Today, western companies are beginning to invest in China. However, the Chinese government is just as wary of foreign investment as it is of foreign ownership of their resources and their companies. There are a few things you need to know about investing in China.
First, the Chinese market is still a developing market. It will take time for the market to open up to foreign direct investment and for Western companies to truly become “local businesses.” Many American companies have moved full-speed ahead into China, and the government is not happy with this trend. They don’t like foreign companies taking over their markets. As a result, there are some restrictions being put on foreign ownership and investments, and this includes the Chinese stock market.
Second, the government realizes that the only way to stimulate the economy is to make the market work for their companies. That means if the economy is growing too fast or too slow, then they will suffer in the same way as companies that have invested in emerging markets without really considering the long-term consequences. For example, the United States economy was hit by stagflation in the 1990s. This made things quite tough for consumers, but the Chinese government took action and the market rebounded.
Third, there are limits to how much money the Chinese government can allow its citizens to spend. At the same time, they realize that they need foreign currency to support their economy. That’s why the government does not seem willing to allow its citizens to use their hard-earned dollars in risky investments in Western countries. On the other hand, they are perfectly willing to let companies like ours to invest in their country. They just want more control of the investment and aren’t willing to relinquish those interests.
So where does this leave American companies who want to invest in China? It could be a matter of law, a matter of economics or a matter of practicality. Many of the Chinese-owned companies do not have U.S. investors. They depend on Chinese banks and the Chinese State Printing & Imaging Corporation for their credit. Some of them do have Western investors, such as CITIC Bank, which has a great interest in promoting Chinese economy. But as long as those banks continue to have so much debt owed to them by Westerners, there’s little chance that they will be willing to risk those assets away.

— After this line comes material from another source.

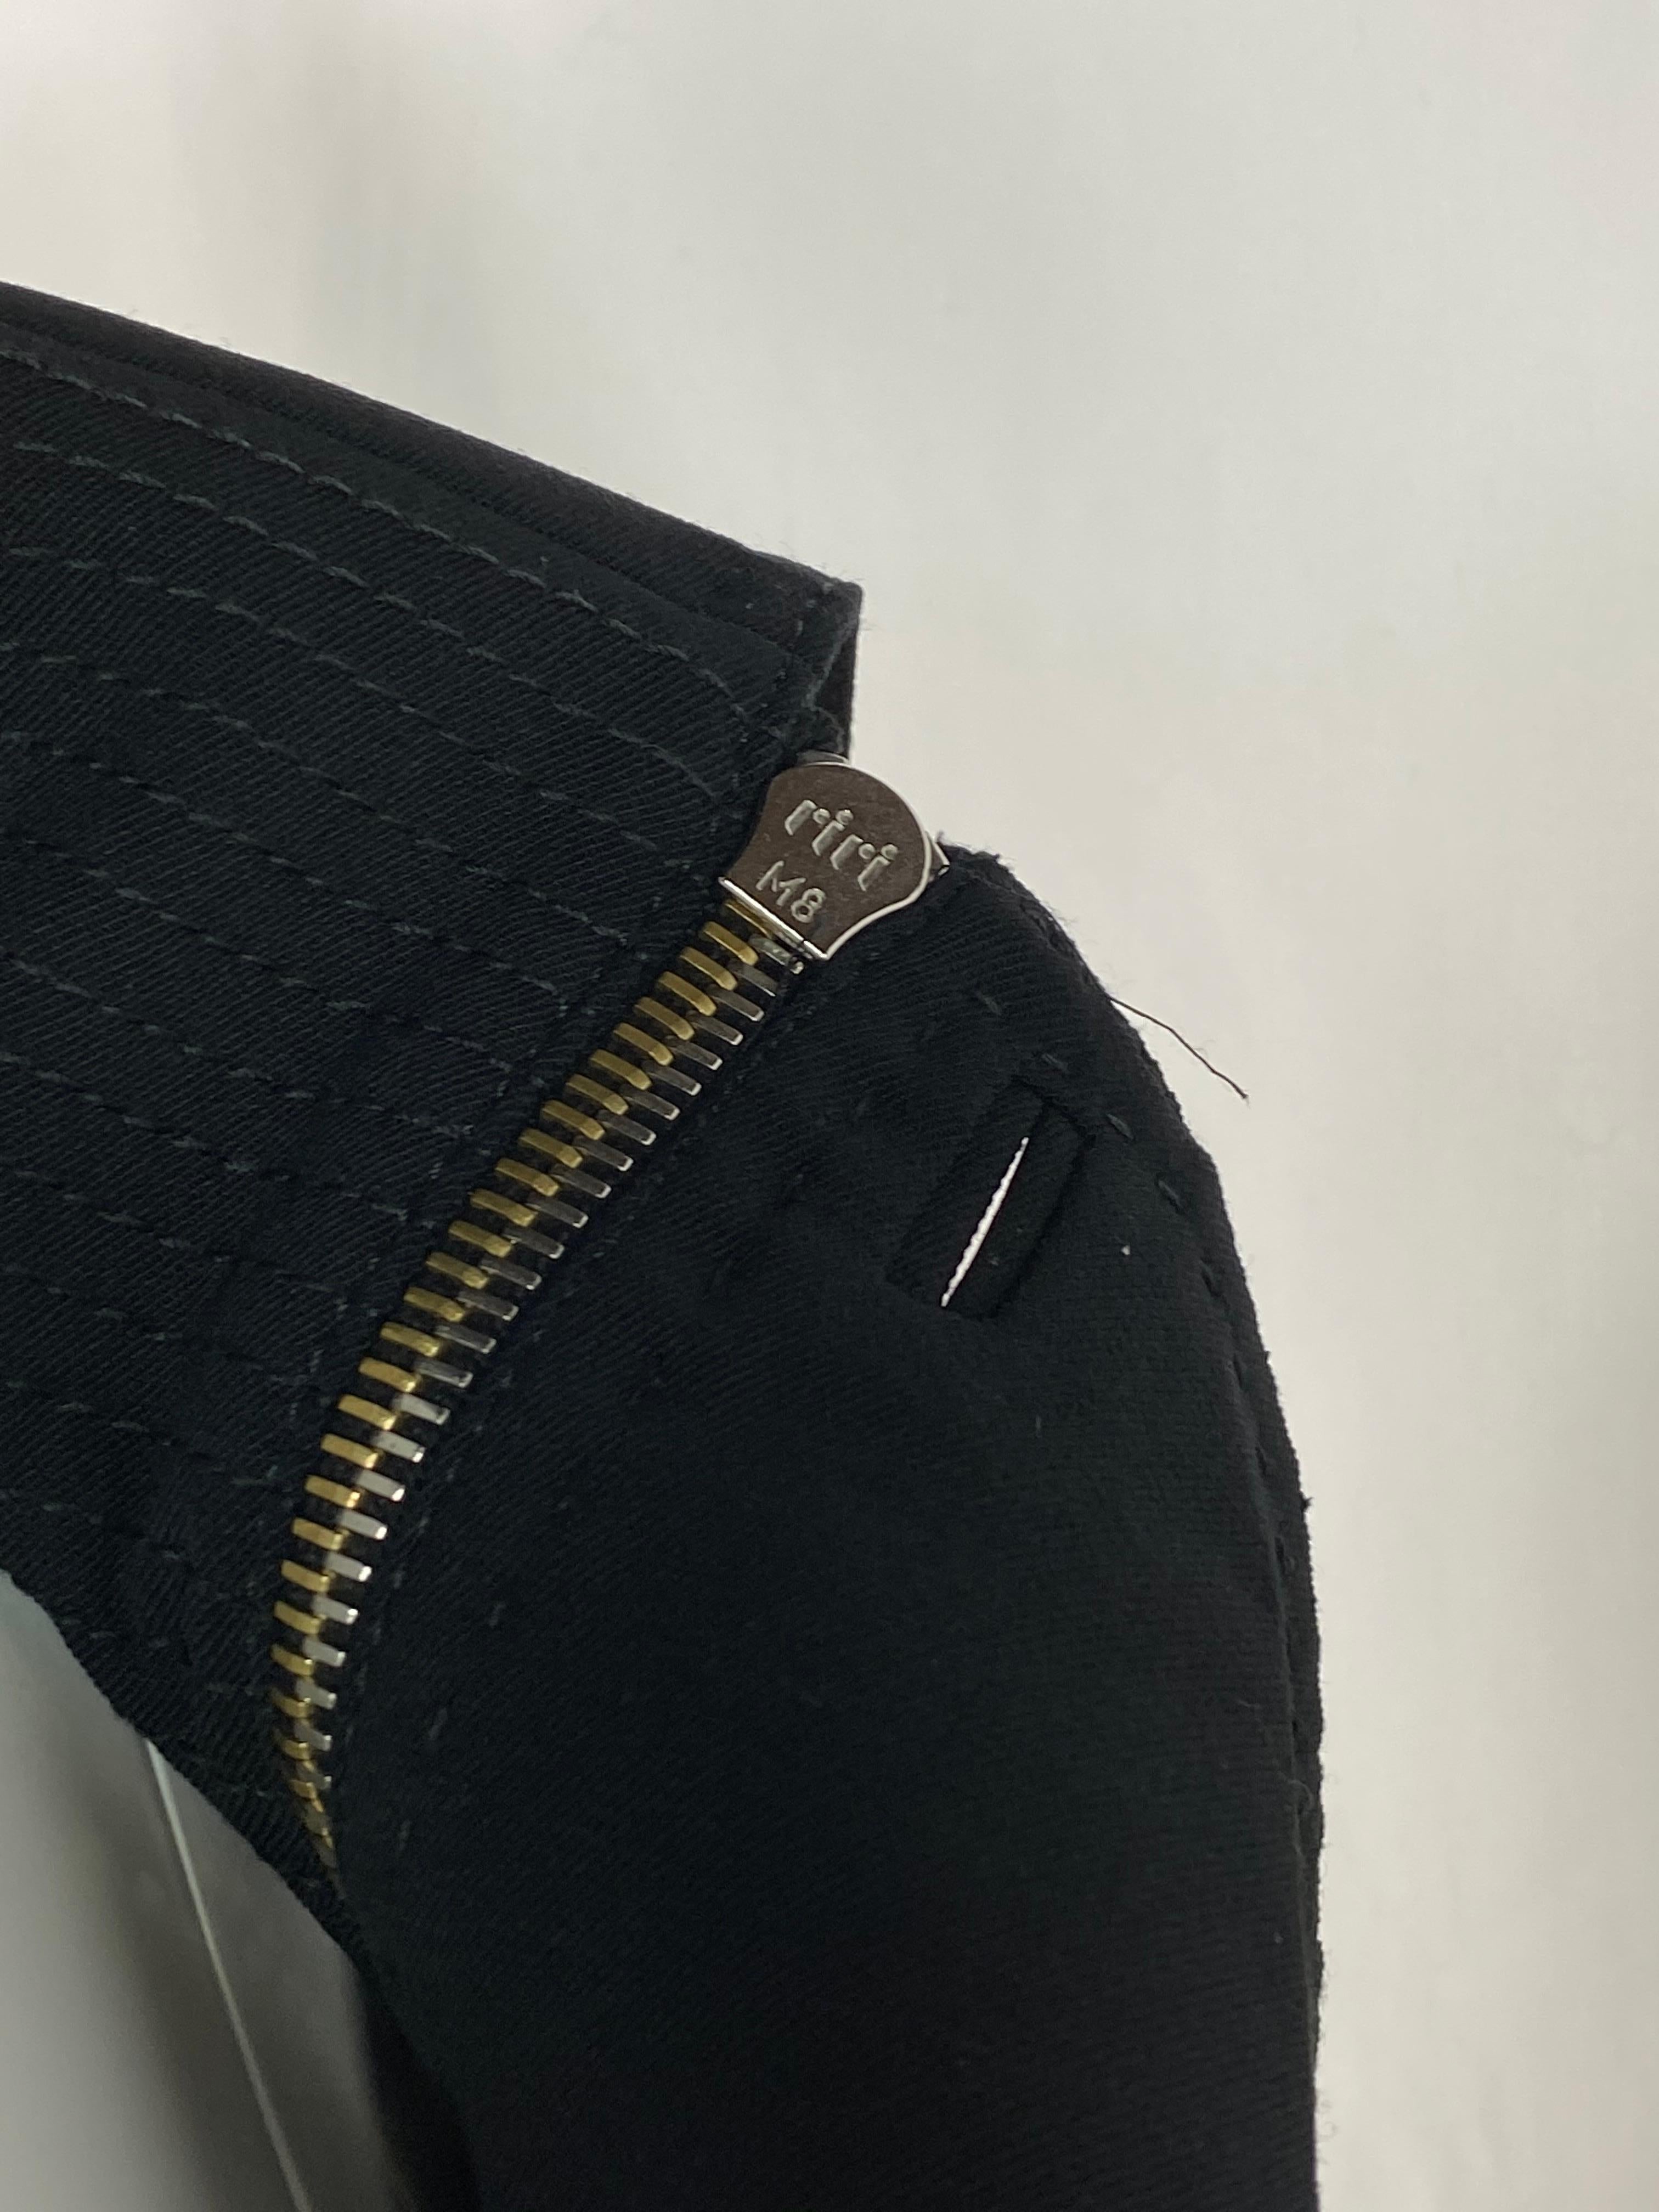 Gianfranco Ferre Black Wool Long Coat Jacket w/ Belt Size 44 For Sale 7
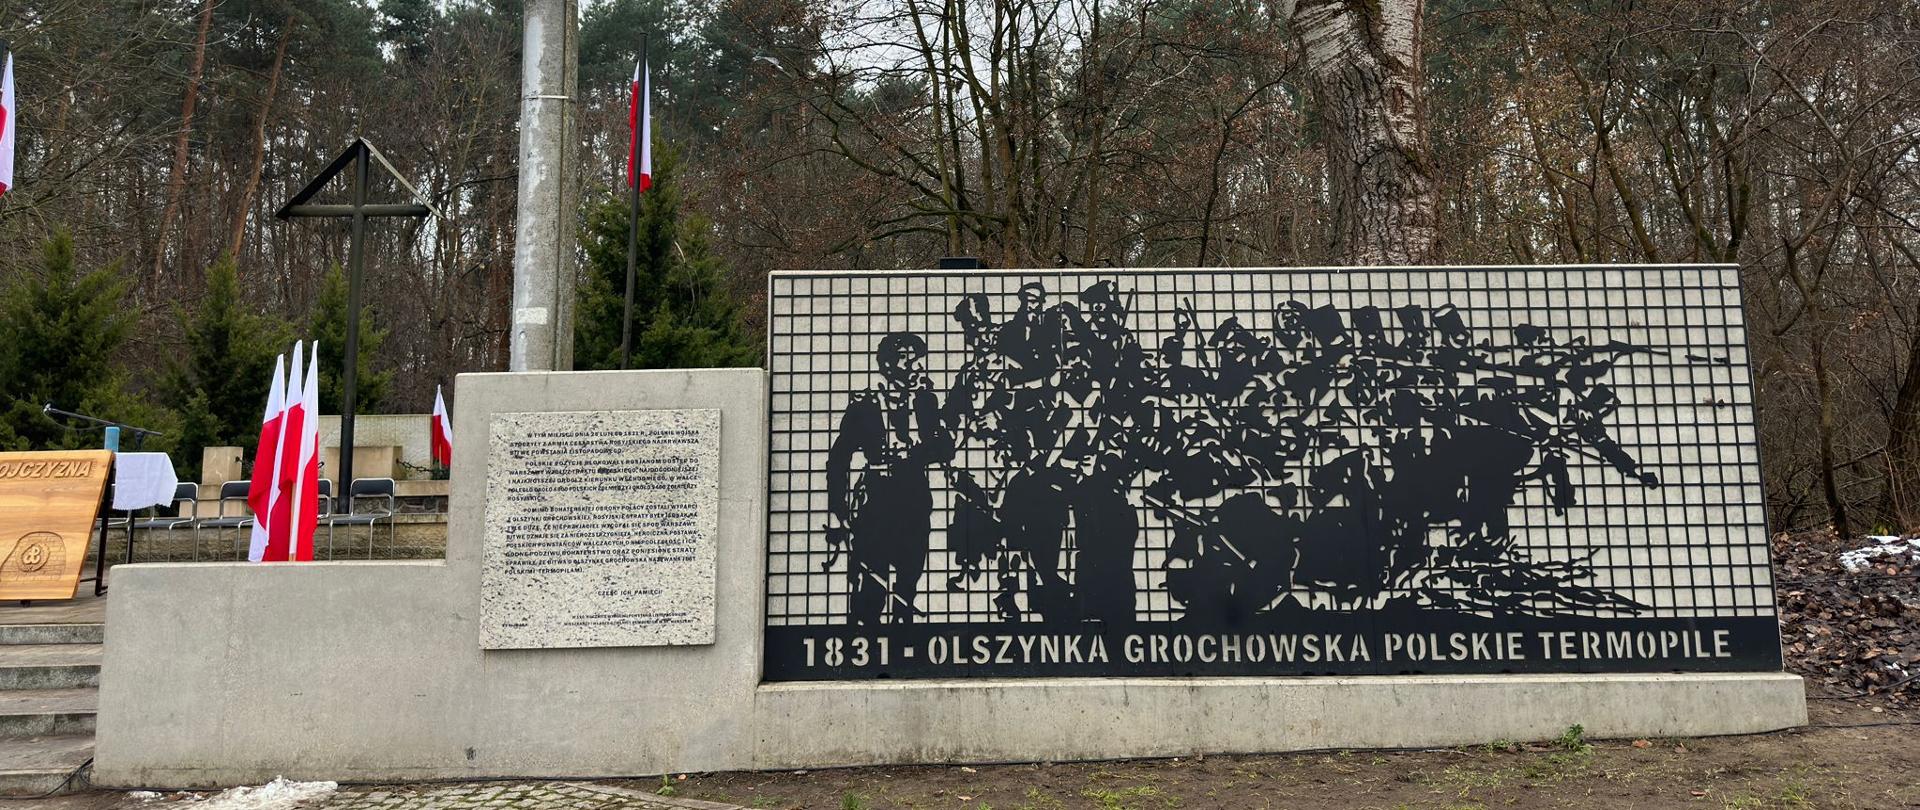 Na zdjęciu widoczny pomnik z napisem "1831- Olszynka Grochowska Polskie Termopile"

On the other hand, it’s possible that there are certain rules that apply only to Chinese companies, but not to Western ones. For example, some believe that state-run banks are totally unsecured, because no collateral is required to invest in them. That would seem to rule out some highly-regulated banks in China like the PBOC and others. But the State Bank of China is fully protected by U.S. law and is very unlikely to default on its debt obligations. In fact, most people in China consider even the safest government banks to be somewhat safer than unregulated private banks because the state guarantees their solvency.